For an interactive shell, pick your poison. A long time ago I knew somebody who used /bin/ed as his primary user interface, using ed's "!command" to execute shell commands (a mechanism to manage the history of Bourne shell commands on V7 Unix).
I generally want the shell scripts I write to work universally. So portability is a really big issue.
For scripts used in the "early boot" context you may be constrained to use
/bin/sh
. My experience is that
/bin/sh
will struggle with full POSIX compliance on just about any Unix/Linux variant you name. For me, this certainly includes:
- FreeBSD /bin/sh;
- Debian /bin/sh (dash);
- RedHat /bin/sh (bash, but behaves differently due to its invocation name);
The common denominator with these is not POSIX. It's the "Bourne shell". e.g. older versions of dash can't catch stdout with "$(command)".
So for "early boot" scripts, I use Bourne shell. However, I reckon that few people really understand exactly what a Bourne shell is today.

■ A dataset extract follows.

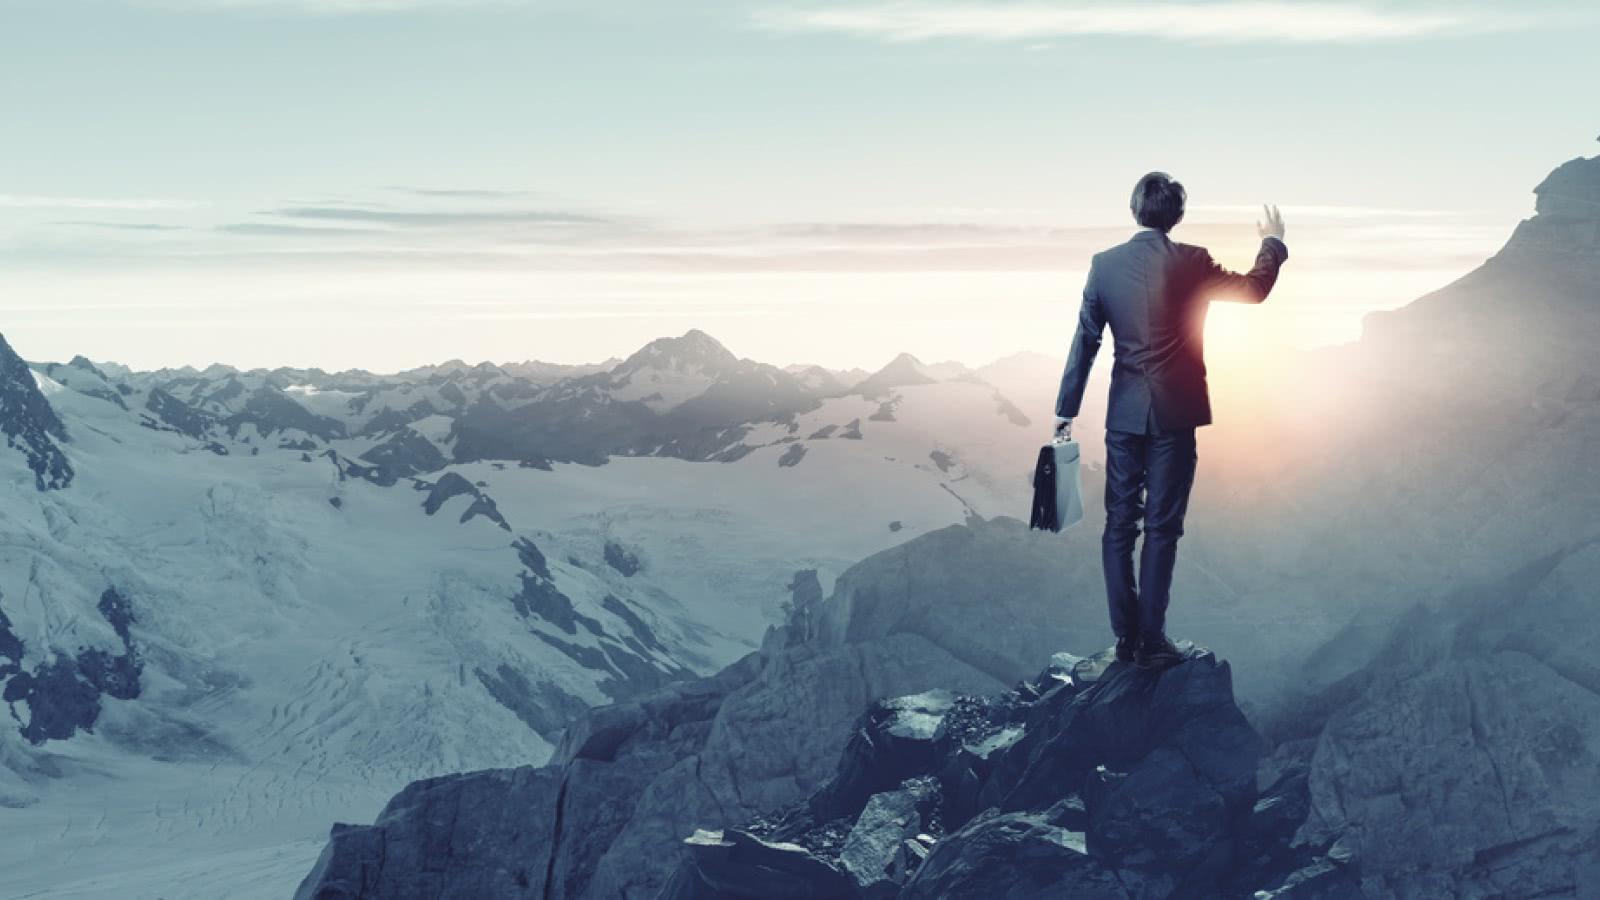 You & Alps visuel montagne

Outside the "early boot" process, I still want portability. My own rule is that as soon as I think I need non-Bourne syntax, I switch to perl (substitute python if you're younger than me).
That will generally happen because I really need an array of some kind, or serious use of regex (without fork and exec).
However, it's OK to use the specific local shell if portability is maintained, e.g. iptables or LVM scripting must be on Linux, so bash is OK.
If speed matters, ksh is pretty lean and mean, bash is an absolute dog, and perl rocks.